Introduction A major gap in the management of sarcoidosis is the lack of accessible and objective methods to measure disease activity. Since 90% of patients have pulmonary involvement, we explored if a disease activity score based on thoracic CT scan could address this clinical issue.

Methods High resolution CT scans from 100 consecutive sarcoidosis patients at a regional sarcoidosis service were scored for extent of CT abnormalities known to relate to granuloma or lymphocytic infiltration from published CT-pathological studies. These individual abnormality scores were then correlated against serum ACE, sIL-2R and change in forced vital capacity (FVC) to identify CT abnormalities that reflect contemporaneous disease activity. The sum of these scores, or CT Activity Score (CTAS) was then validated against FVC response to treatment.

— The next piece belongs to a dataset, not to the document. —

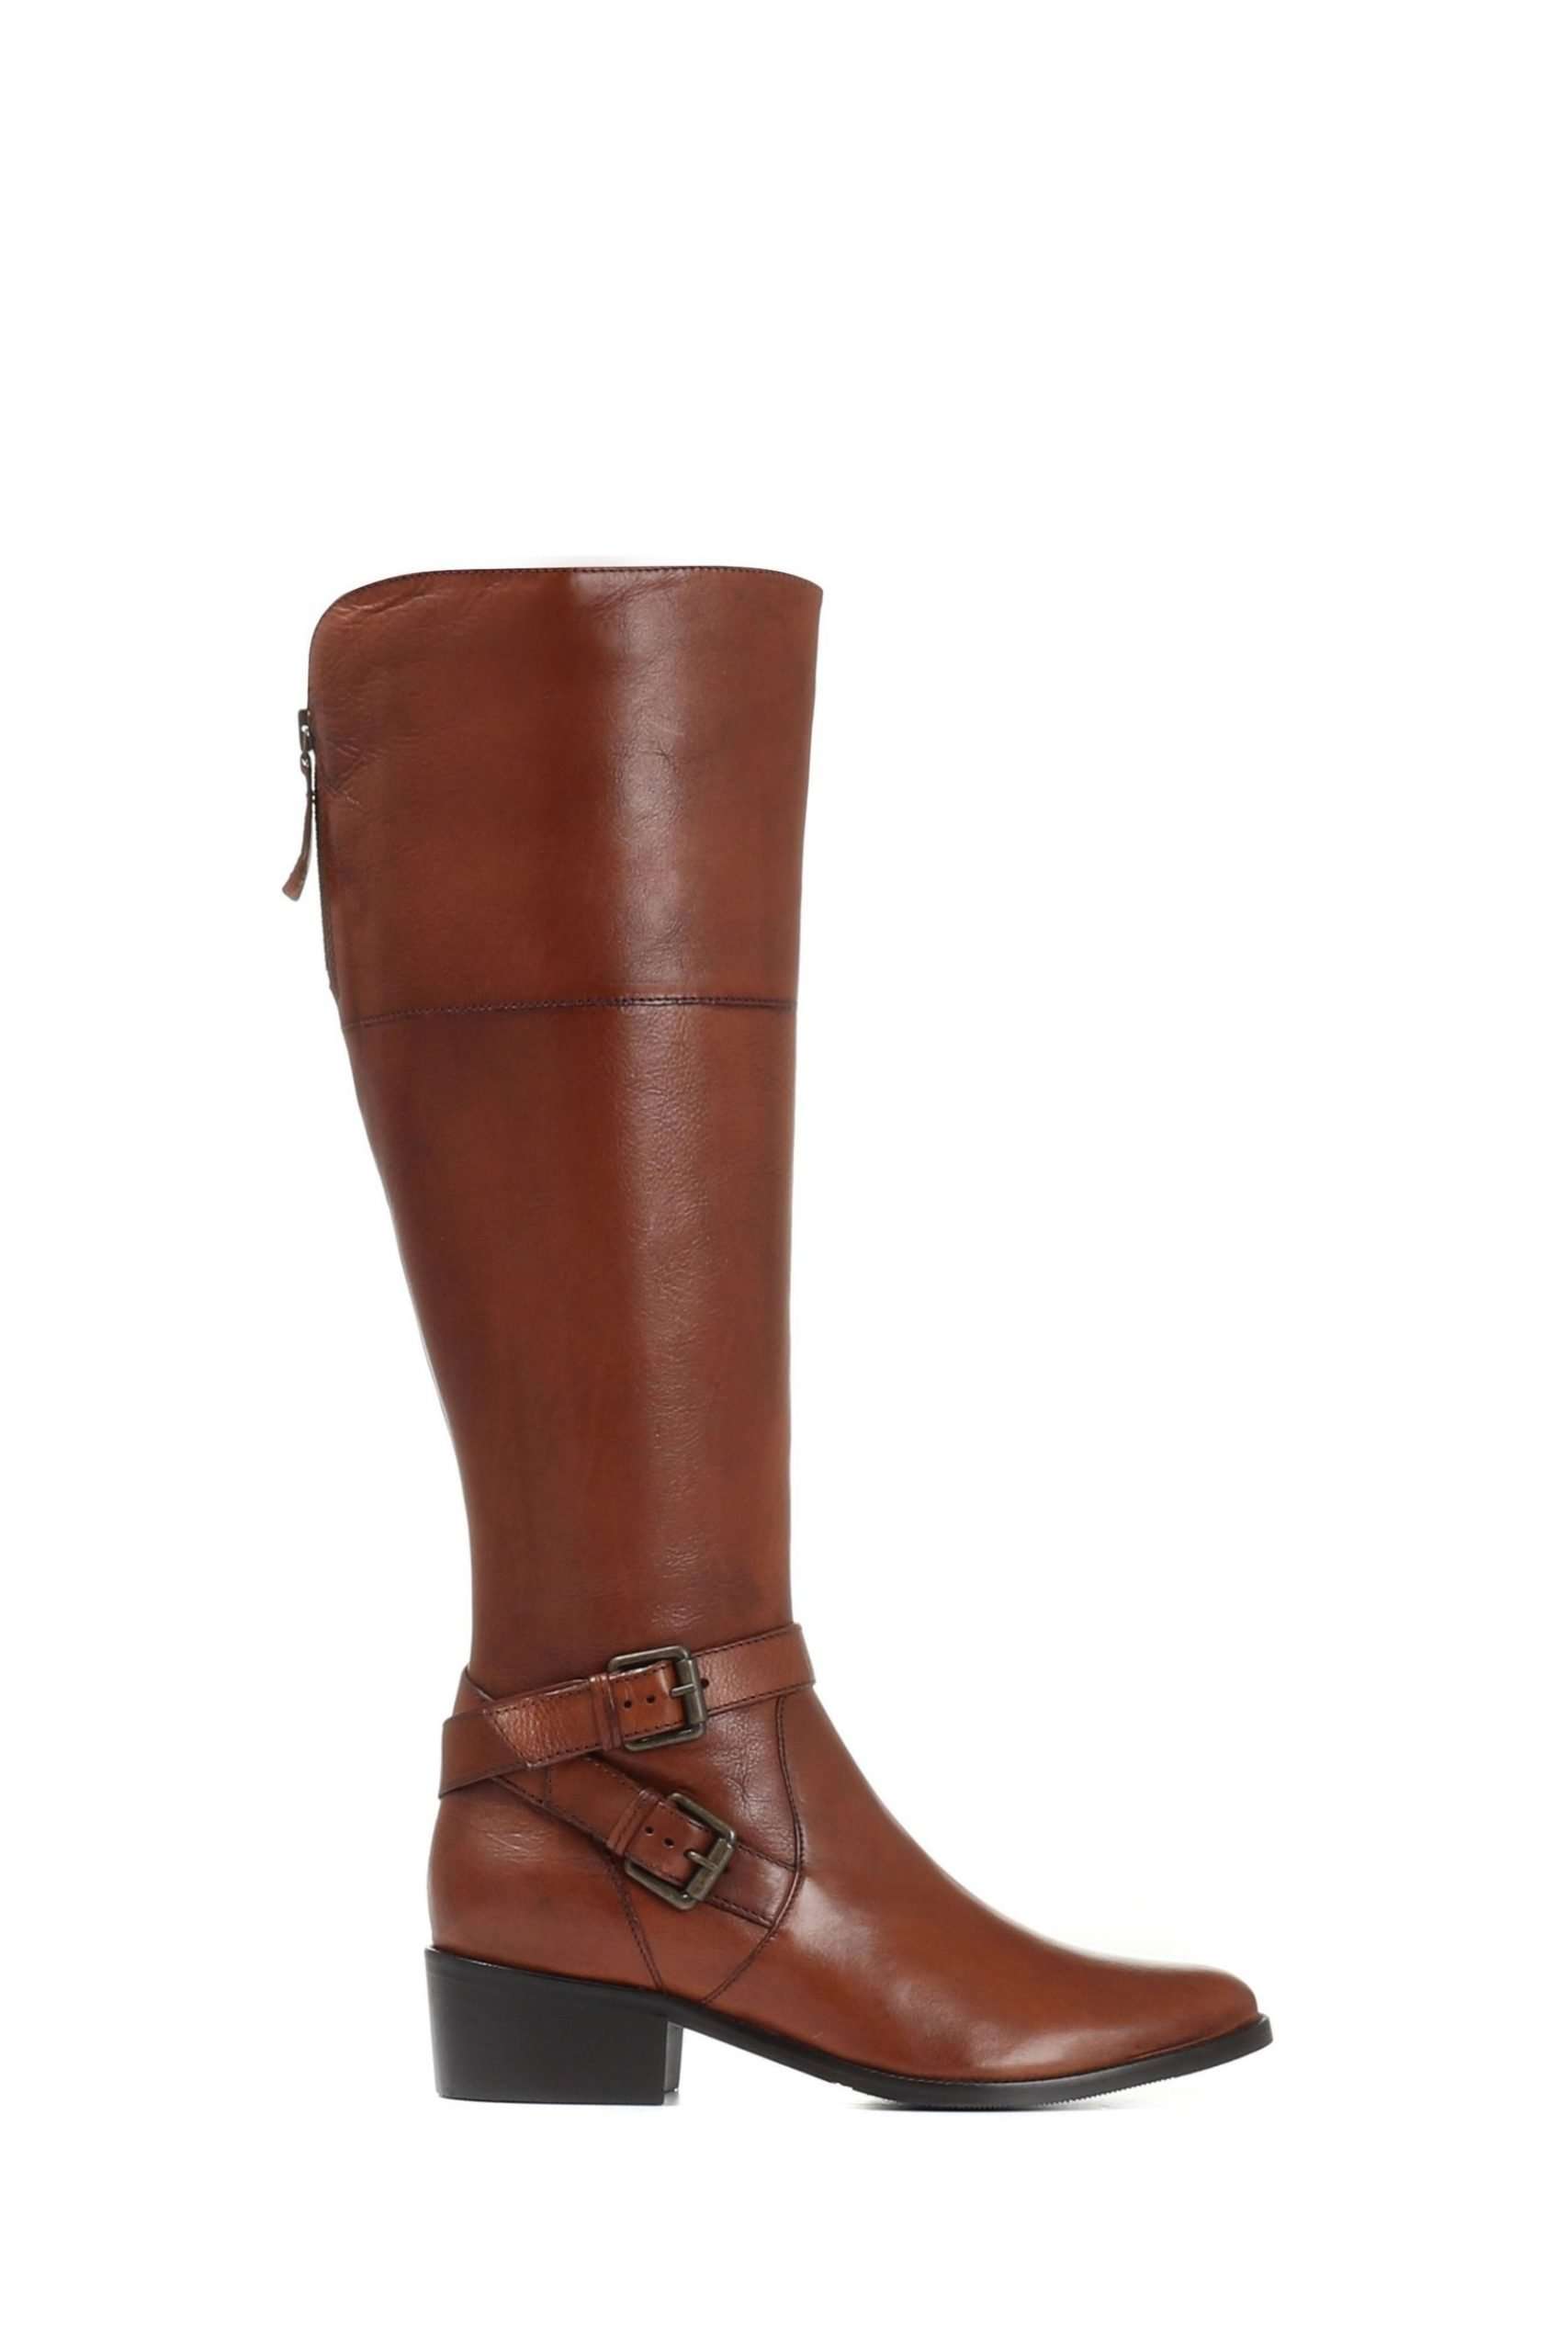 Buy Jones Bootmaker Brown Wide Fit Leather Ladies Knee ...

Results and discussion CT extent scores for nodularity, ground-glass opacification, inter-lobular septal thickening and consolidation correlated significantly with at least one of the disease activity parameters and were used to form CTAS. CTAS was found to predict FVC response to treatment at one year and was highly reproducible between radiologists. An abbreviated CTAS (aCTAS), constructed from presence or absence of the four CT abnormalities also showed significant correlation with FVC response to treatment. CTAS and aCTAS also correlated with response to treatment in the fibrotic subgroup.

Conclusions CTAS provides a concept for an objective and reproducible CT scoring method to quantify disease activity in sarcoidosis. The score can potentially be used to stratify patients according to disease activity, determine response to treatment and establish if fibrotic sarcoidosis is active.